*About this exercise*.
Retype the data below exactly, skipping pictures.

*Stored data*.
────────────────

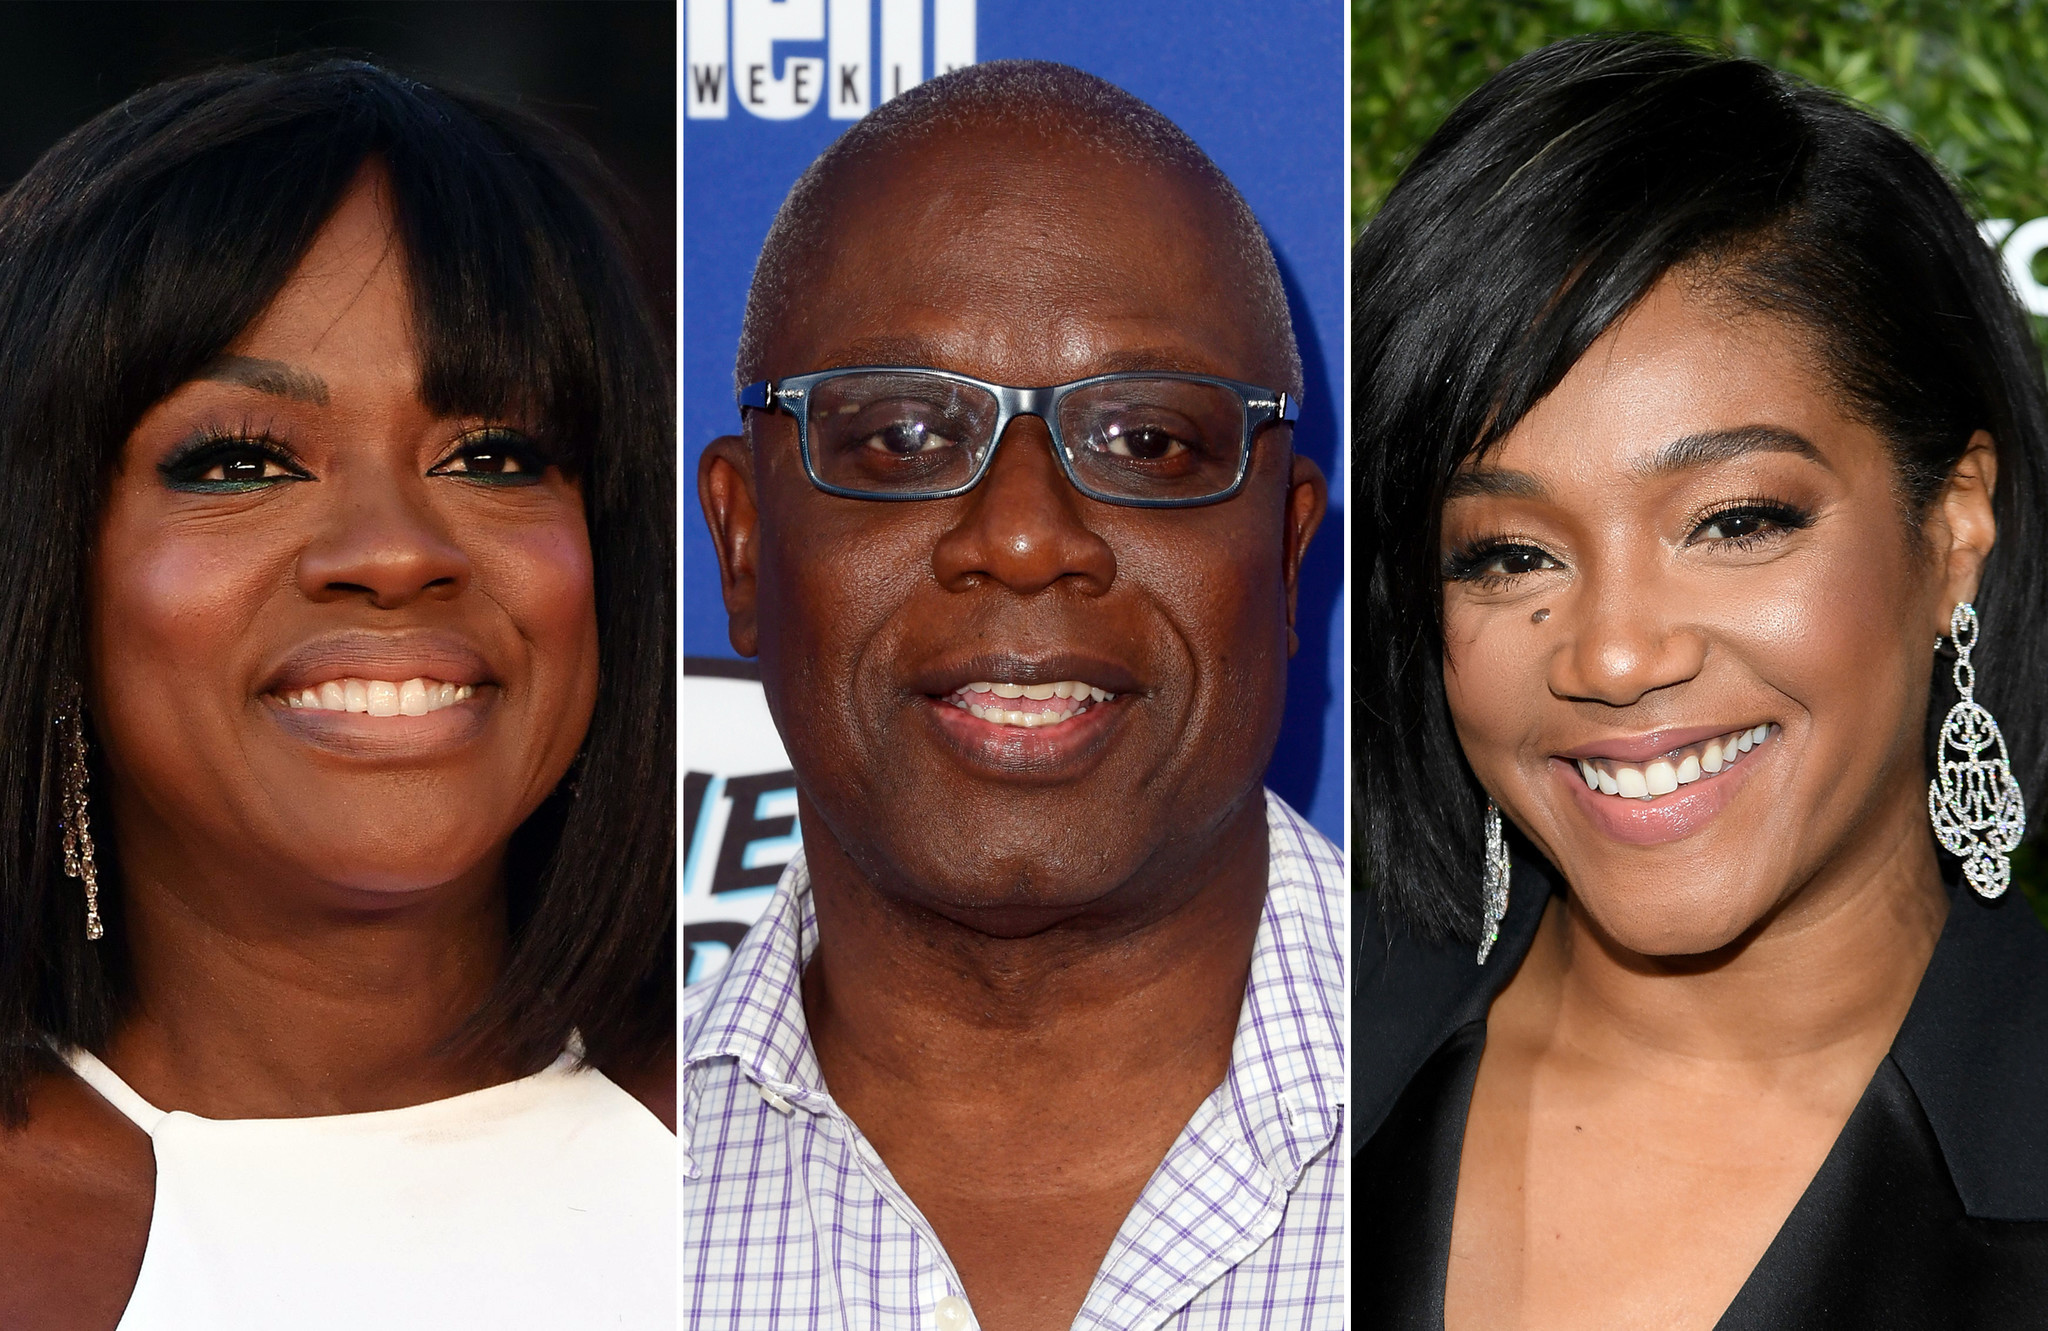 DY-NO-MITE! Viola Davis, Andre Braugher, Tiffany Haddish on board to revive classic sitcom 'Good Times'
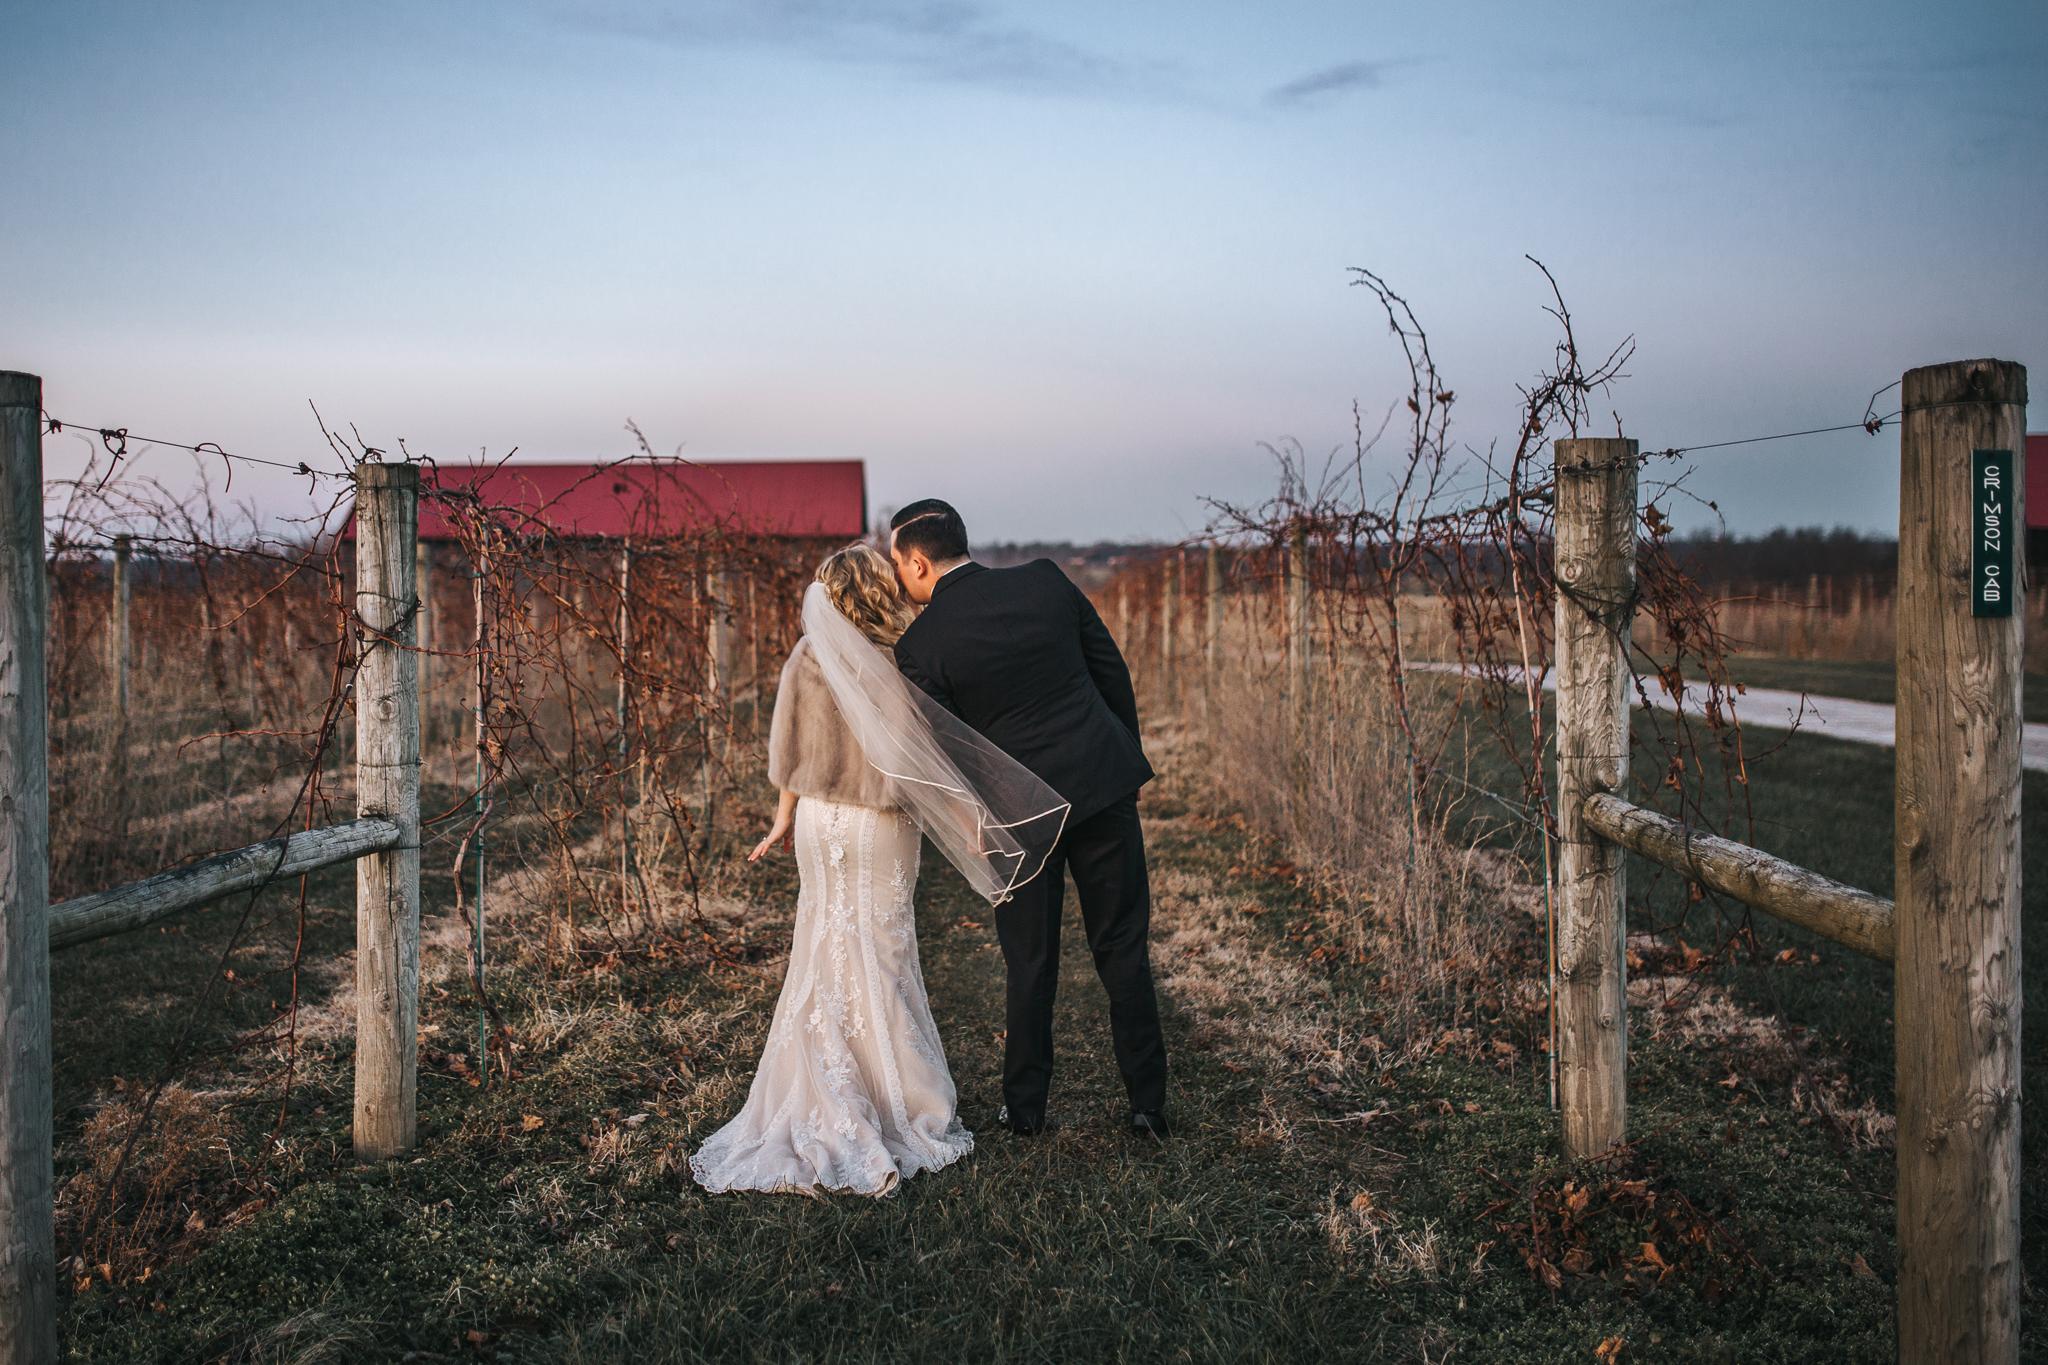 0114 Ariana Jordan Photo - Cameron & Lauren's Wedding at Talon Winery  6947.jpg
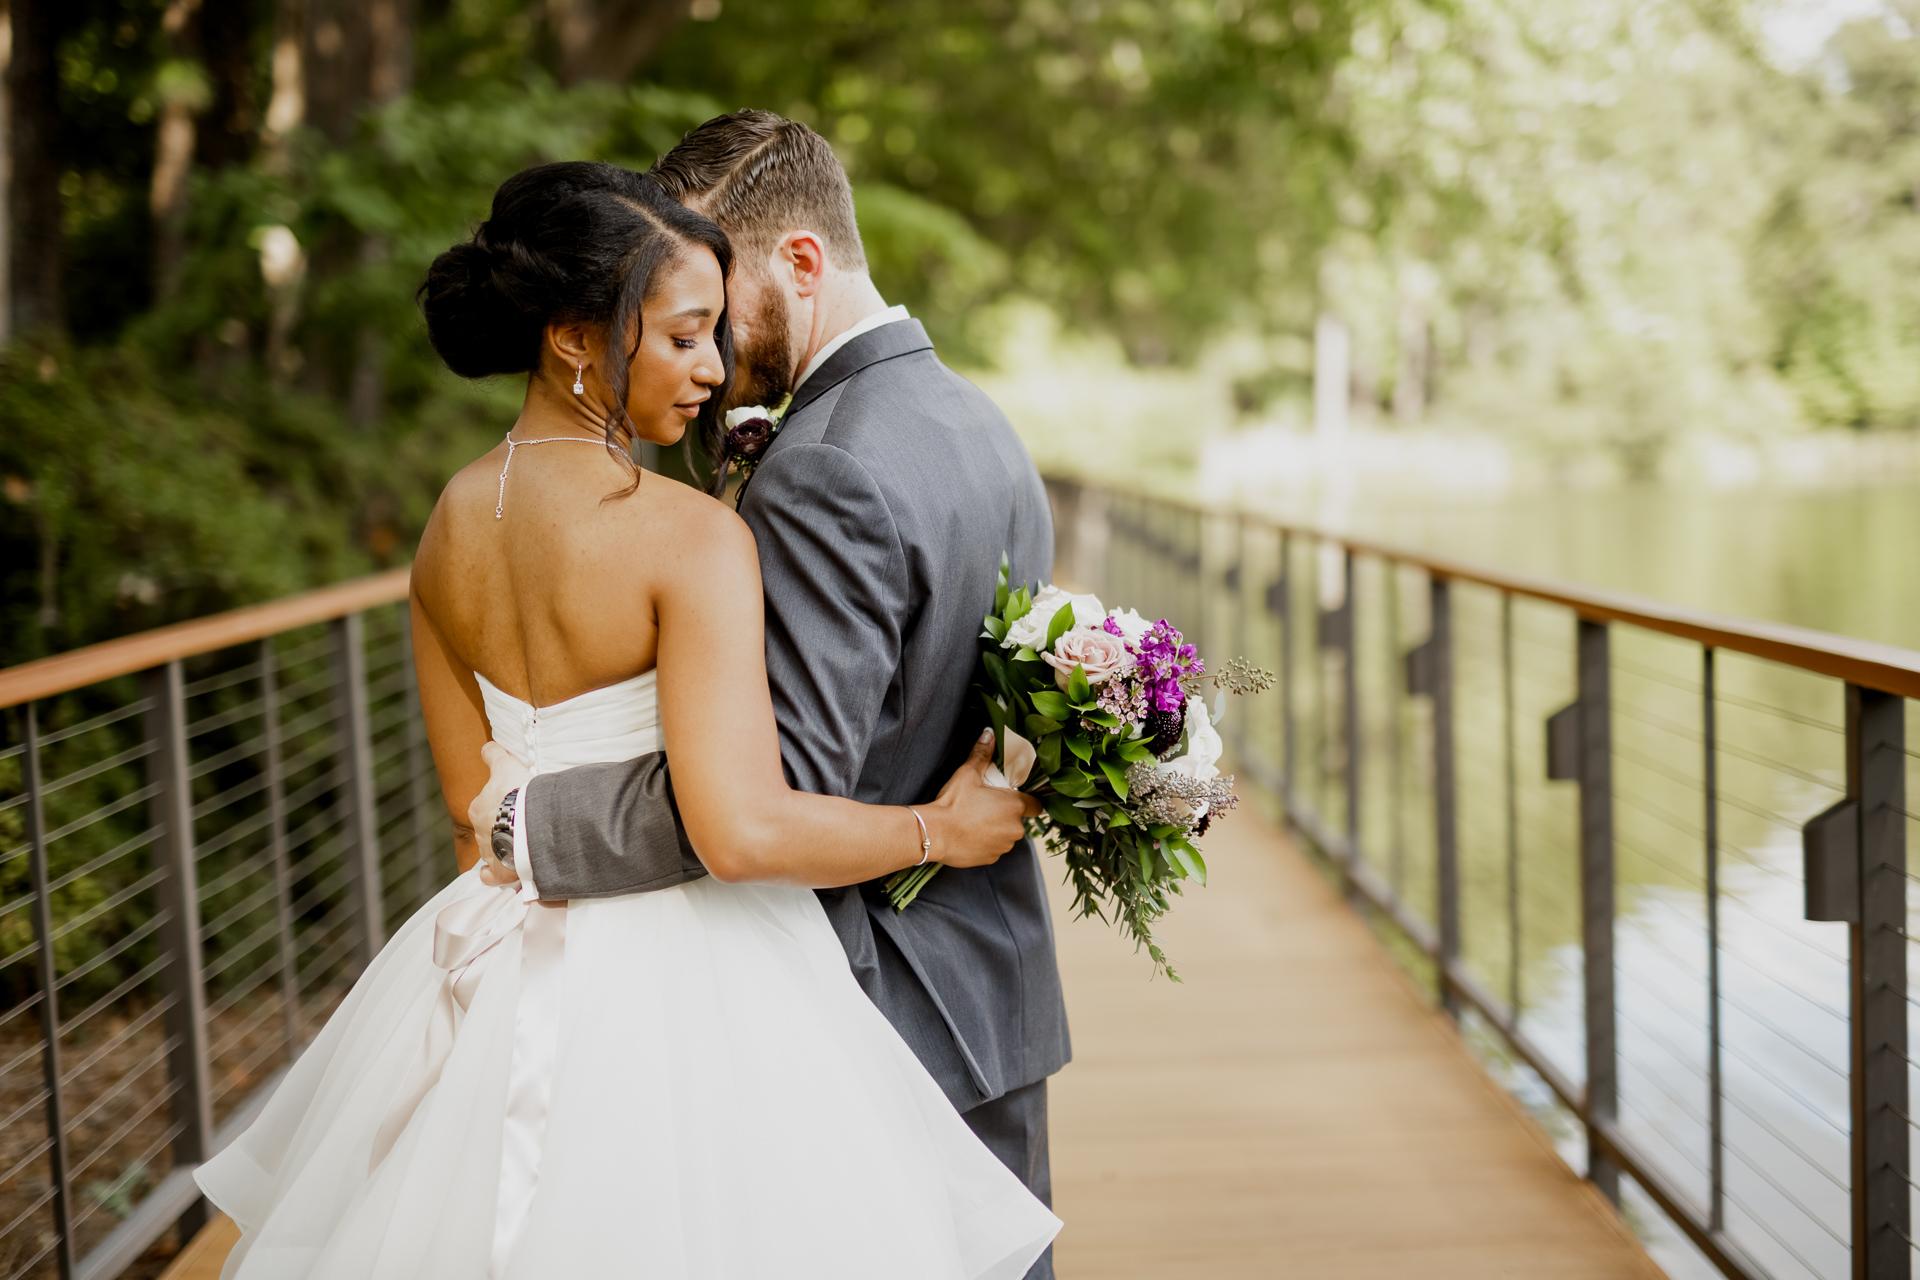 Yearwood-Fogarty Wedding-PREVIEW-4.jpg

────────────────

*Answer to this task*.
 DY-NO-MITE! Viola Davis, Andre Braugher, Tiffany Haddish on board to revive classic sitcom 'Good Times'
 0114 Ariana Jordan Photo - Cameron & Lauren's Wedding at Talon Winery  6947.jpg
 Yearwood-Fogarty Wedding-PREVIEW-4.jpg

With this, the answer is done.